Activity: From the line with "1924 Color Print" to the line with "Ivory A-Line One", output every line below exactly, both ends included. Skip the pictures.

Input for this task:

*** Begin section ***

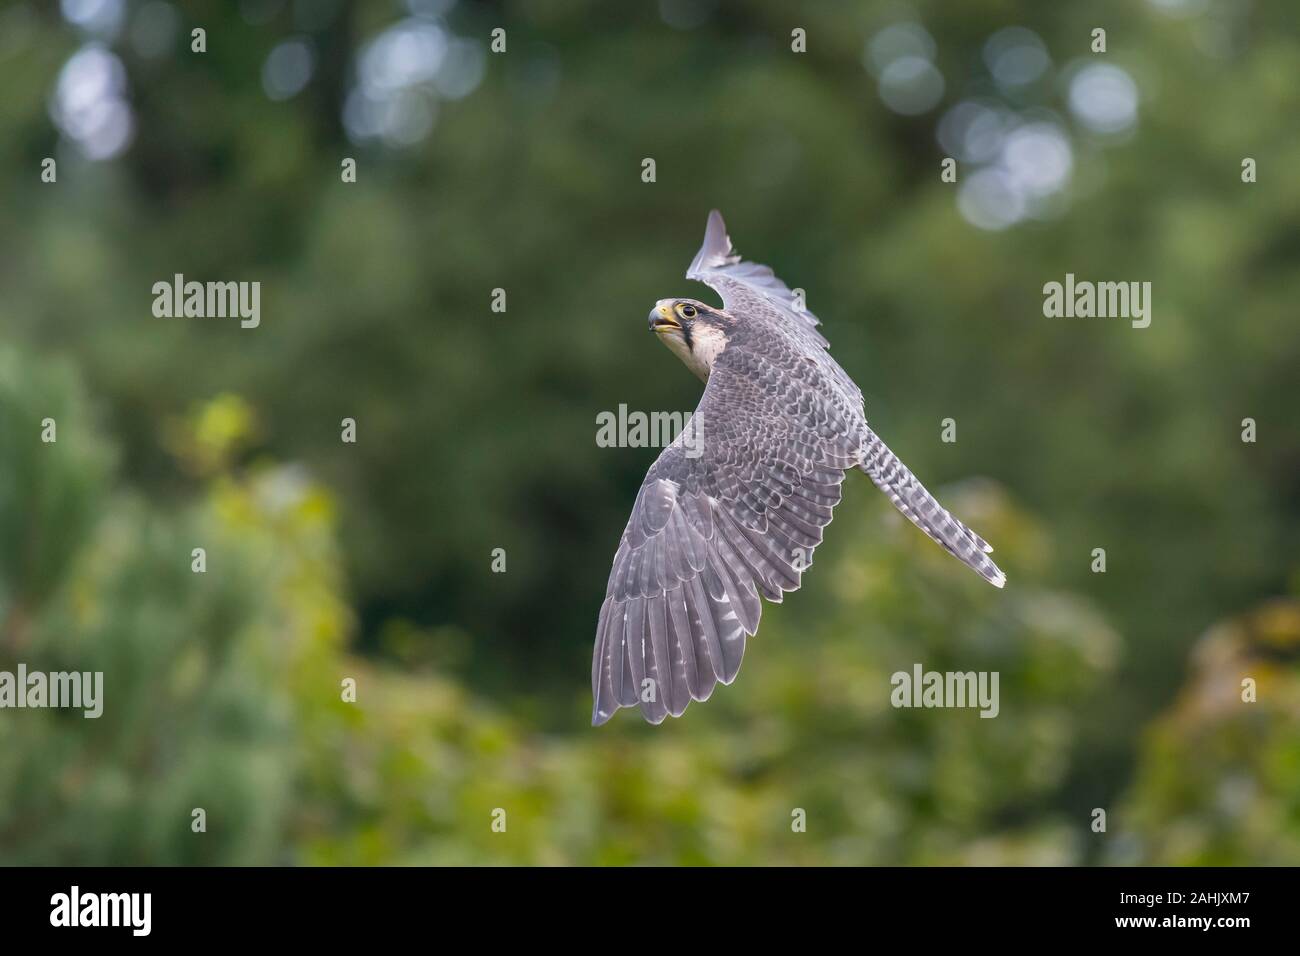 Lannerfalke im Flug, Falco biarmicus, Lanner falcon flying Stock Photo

*** End section ***
*** Begin section ***

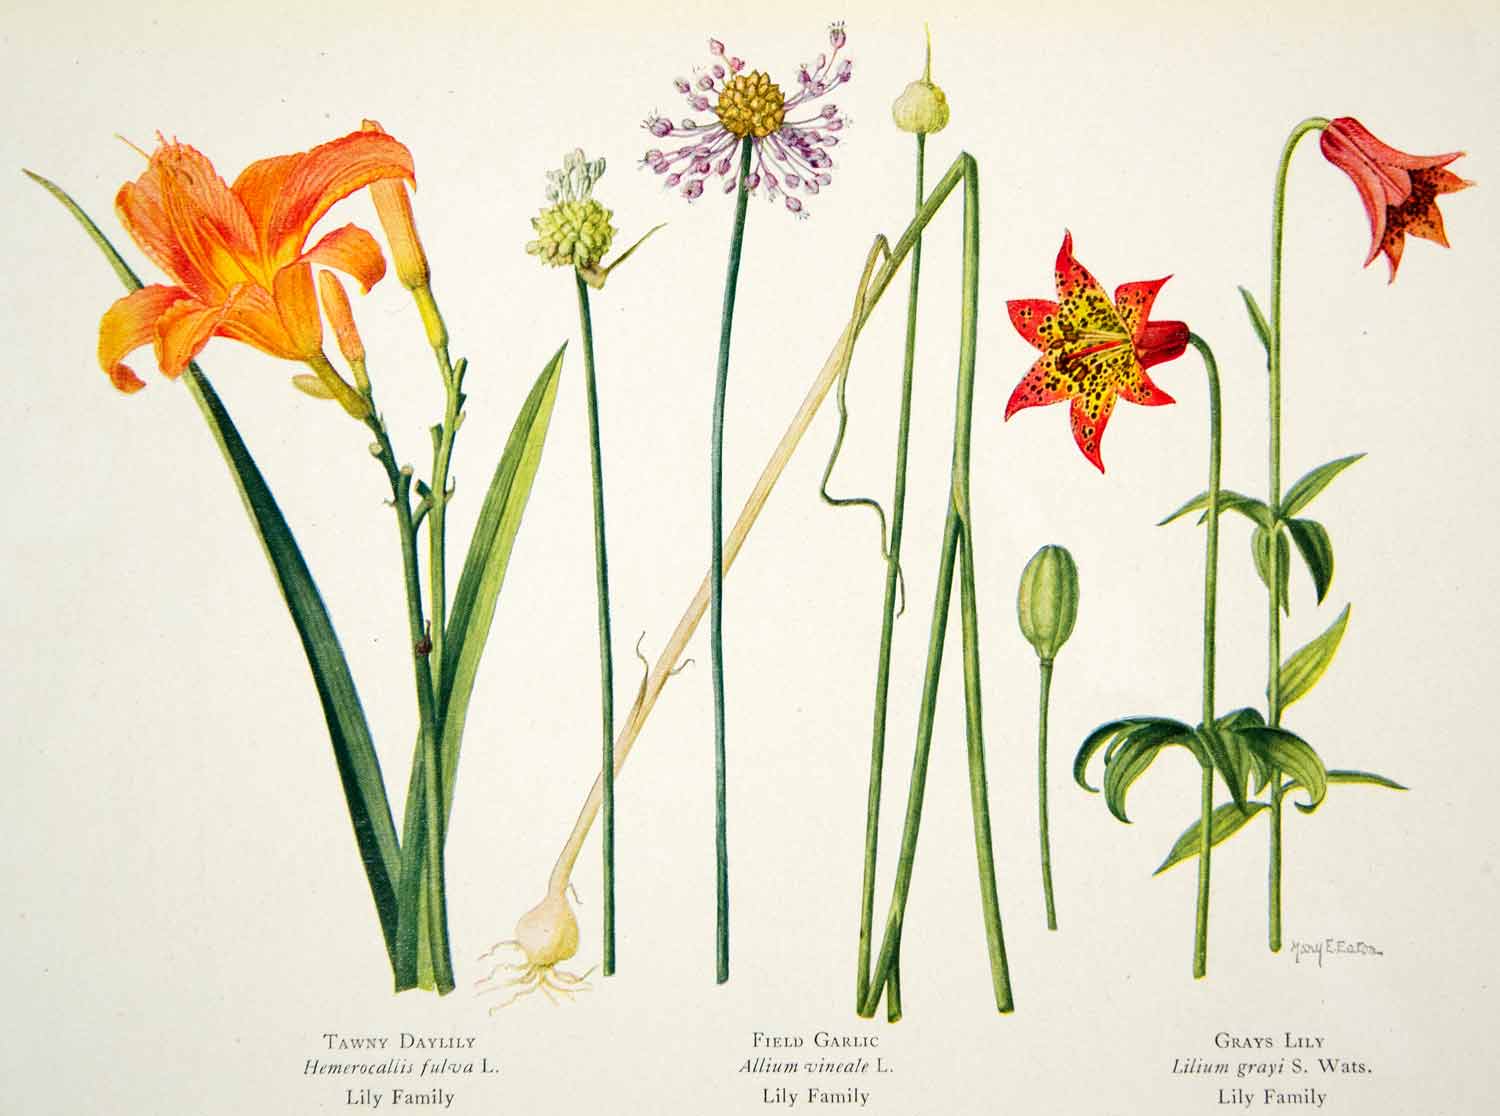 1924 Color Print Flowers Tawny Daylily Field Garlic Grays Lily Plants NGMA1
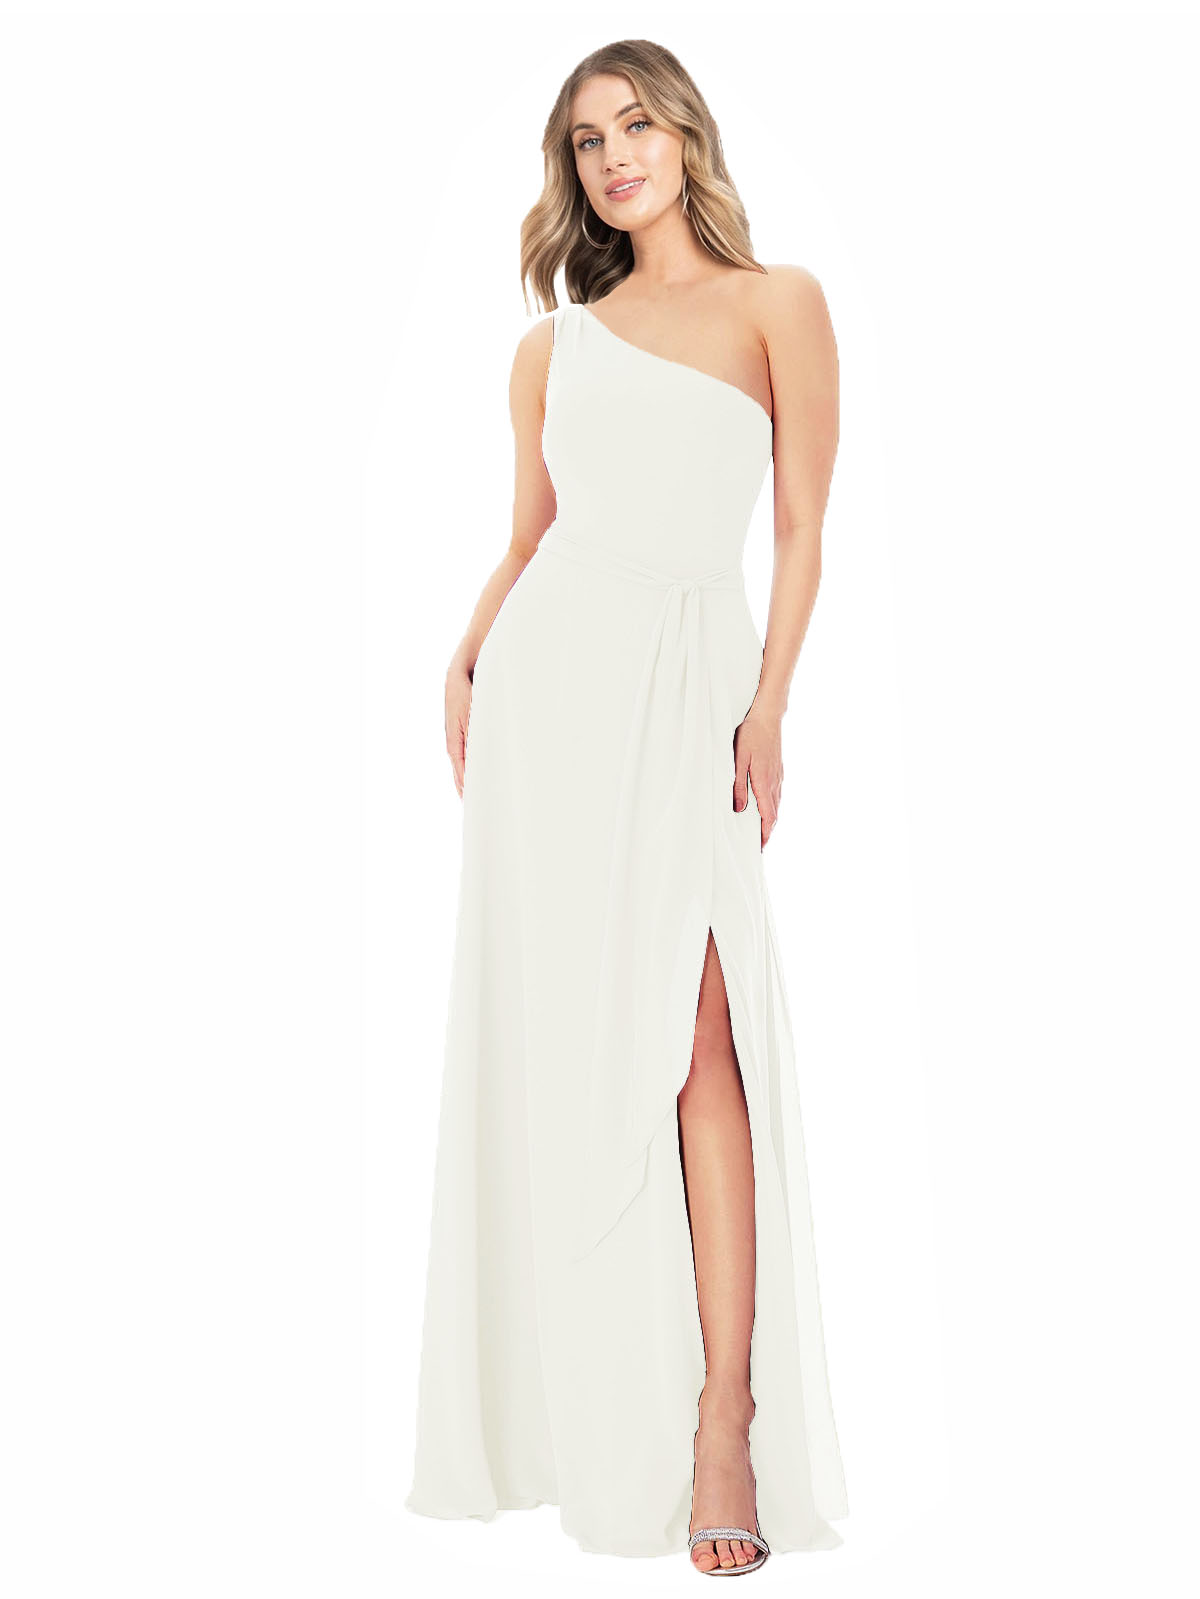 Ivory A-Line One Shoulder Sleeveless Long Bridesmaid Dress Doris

*** End section ***
*** Begin section ***

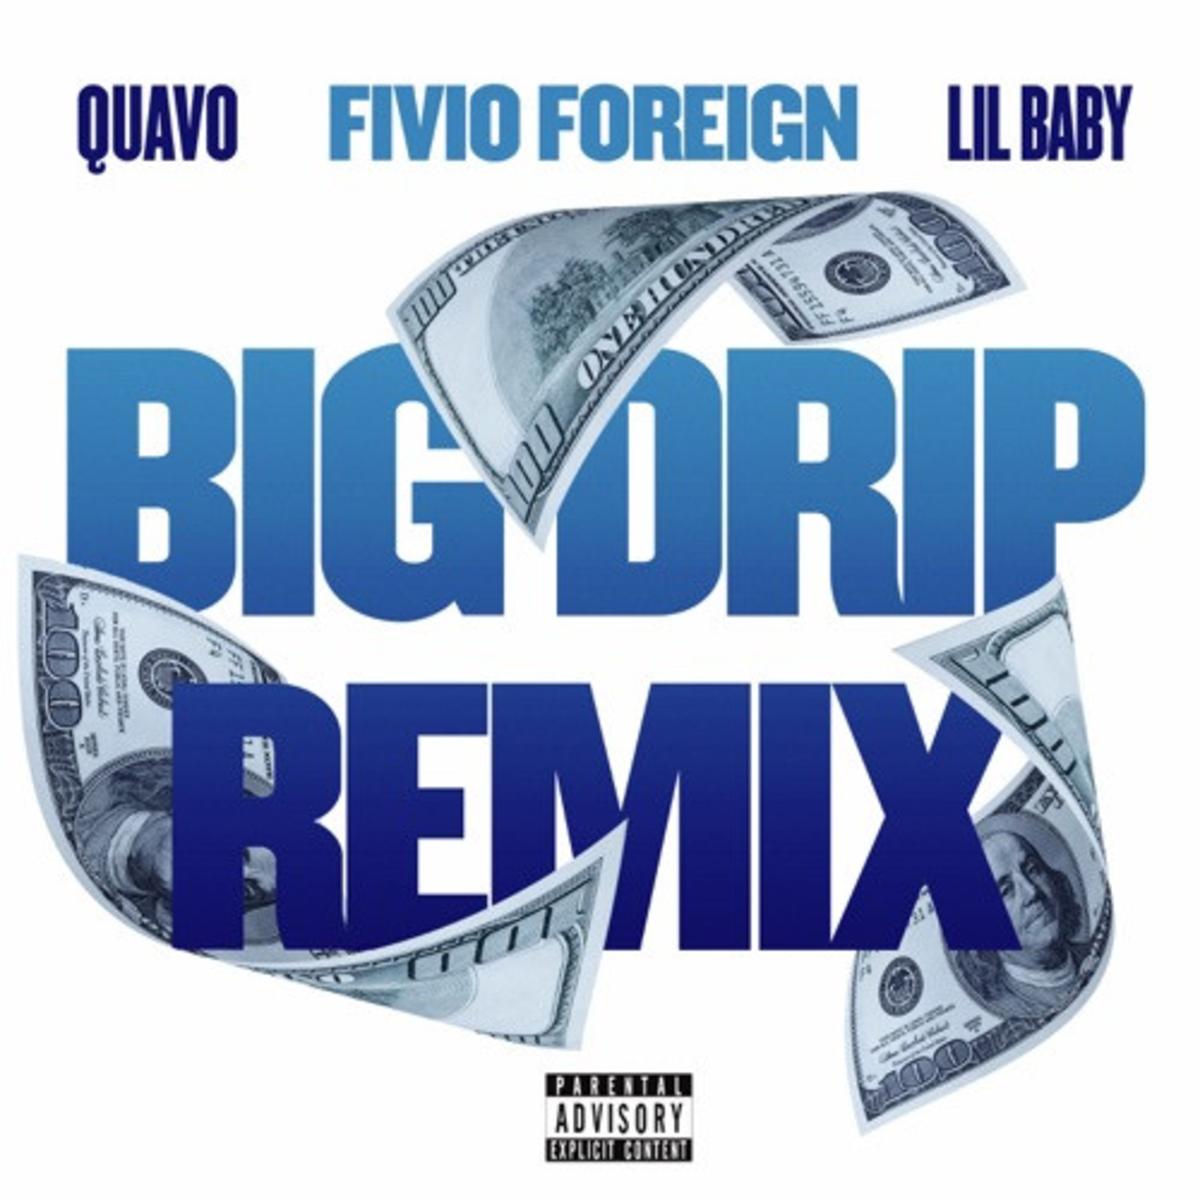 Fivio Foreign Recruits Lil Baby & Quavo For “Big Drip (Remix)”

*** End section ***

Result of the task:
 1924 Color Print Flowers Tawny Daylily Field Garlic Grays Lily Plants NGMA1
 Ivory A-Line One Shoulder Sleeveless Long Bridesmaid Dress Doris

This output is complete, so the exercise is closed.